Areia – Clara Fernandes
24/08 – 02/11
Areia é um amontoado de partículas desgarradas de rochas e minerais. Ela é chão movediço ou a fossilização de fragmentos que podem entrar em erupção pela velocidade de ventos, correntes fluviais e movimentos oceânicos. É a transparência de vidros e aestrutura do concreto. Contém a plasticidade do corte e a volumetria mutante de dunas, sendo um componente fundamental na solidificação de estruturas. No contexto da exposição de Clara Fernandes, a areia contida no piso, no teto e na argamassa utilizada para assentar os tijolos do espaço encontra Matéria (2024), instalação contendo mais de uma centena de garrafas de vidros com paisagens encapsuladas. Nos dois casos, areia é o conteúdo e o continente que constrói espaços, veda estruturas e sedimenta o descarte industrial em embalagens contendo fios soltos que desenham horizontes prensados.
Passagem (2024), instalação composta de papel, algodão e poliéster, considera o fato de qualquer porção de areia conter incontáveis grãos. Acolhe o sujeito que atravessa o infinito contido no singular, já que o título da exposição compreende a capacidade que a matéria possui de se expandir em fragmentos granulosos, aludindo ao infinito contido no espaço finito. O alinhamento do conjunto de pequenos formatos faz menção a essa matéria tramada em quadros de madeira, com os quais a artista registra os movimentos igualmente infinitos, com ciclos de dias e noites que alteram o empilhamento de grãos de areia, vulneráveis a ventanias repentinas. Cada imagem da série também considera
a possibilidade de um punhado de areia corresponder ao encontro de temporalidades geológicas e erosões recentes. Com isso, a contar as décadas em que a artista produz tramas, as obras que integram a exposição igualmente reúnem modos de fazer de diferentes períodos. Há intenções que perduram há décadas, semelhante à anunciada por Tadeu Chiarelli, quem percebeu, em Sem retorno (1995), o modo com que a artista enfatiza a coexistência de natureza e cultura. Algo semelhante ocorre nas obras que integram Areia, a exemplo de procedimentos que marcam sua trajetória dedicada a conviver com a matéria quase indissolúvel de várzeas, estuários, litorais e desertos.
Ao reverenciar a matéria esculpida silenciosamente pelo tempo e movimento, a artista manifesta um microclima preservado em um cântaro circundado pela representação de areia tramada, com a qual ela manifesta a força intercambiada entre os múltiplos elementos naturais.
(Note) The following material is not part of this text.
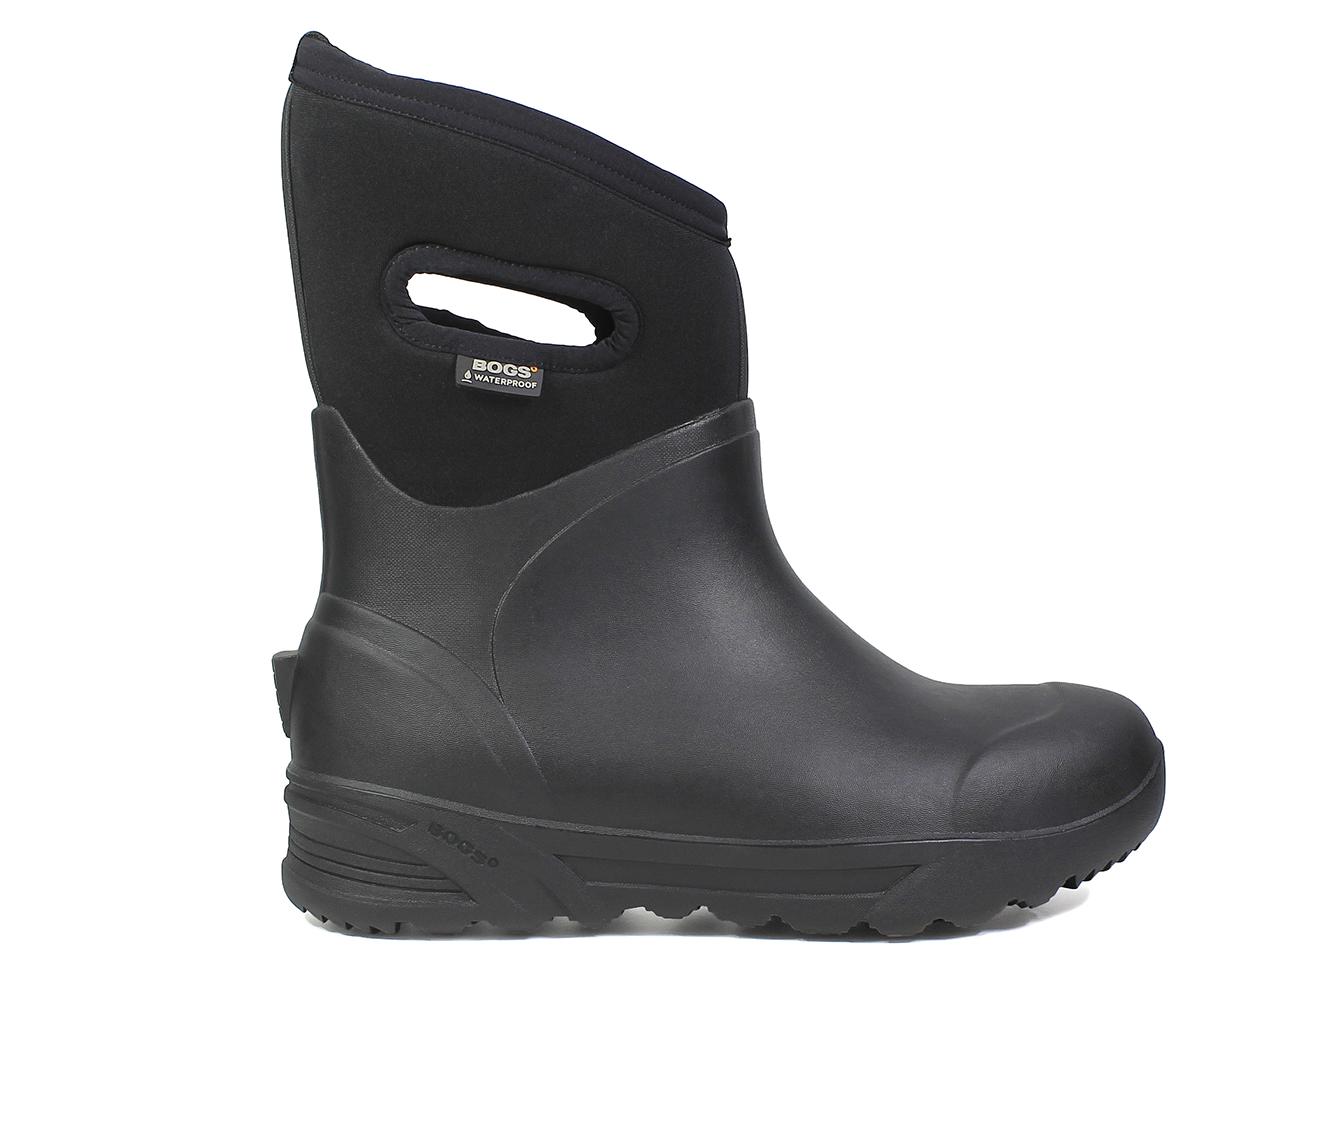 Bogs Footwear Bozeman Mid Insulated Waterproof Boots Men's Boots (Black Fabric)

Assim, areia e fogo produzem vidro; água sobre pedra resulta em montanhas de areia. Feito um ventre arenoso, a cuia geradora de linhas soltas evoca a absorção de nutrientes espalhados na ocasião de tempestades de areia. Deste modo, Areia é percebida como uma exposição destinada a contribuir com a regeneração do espaço aberto da arte para que ele siga engendrando diálogos acerca de enraizamentos, sedimentações e vendavais de areia que nutrem solos, mentes e oceanos. Com experimentos gráficos e composições realizadas a partir de dejetos industriais, a artista segue seu próprio caminho, constituído por cultivos lentos e sopros tempestivos que espalham partículas e expandem horizontes.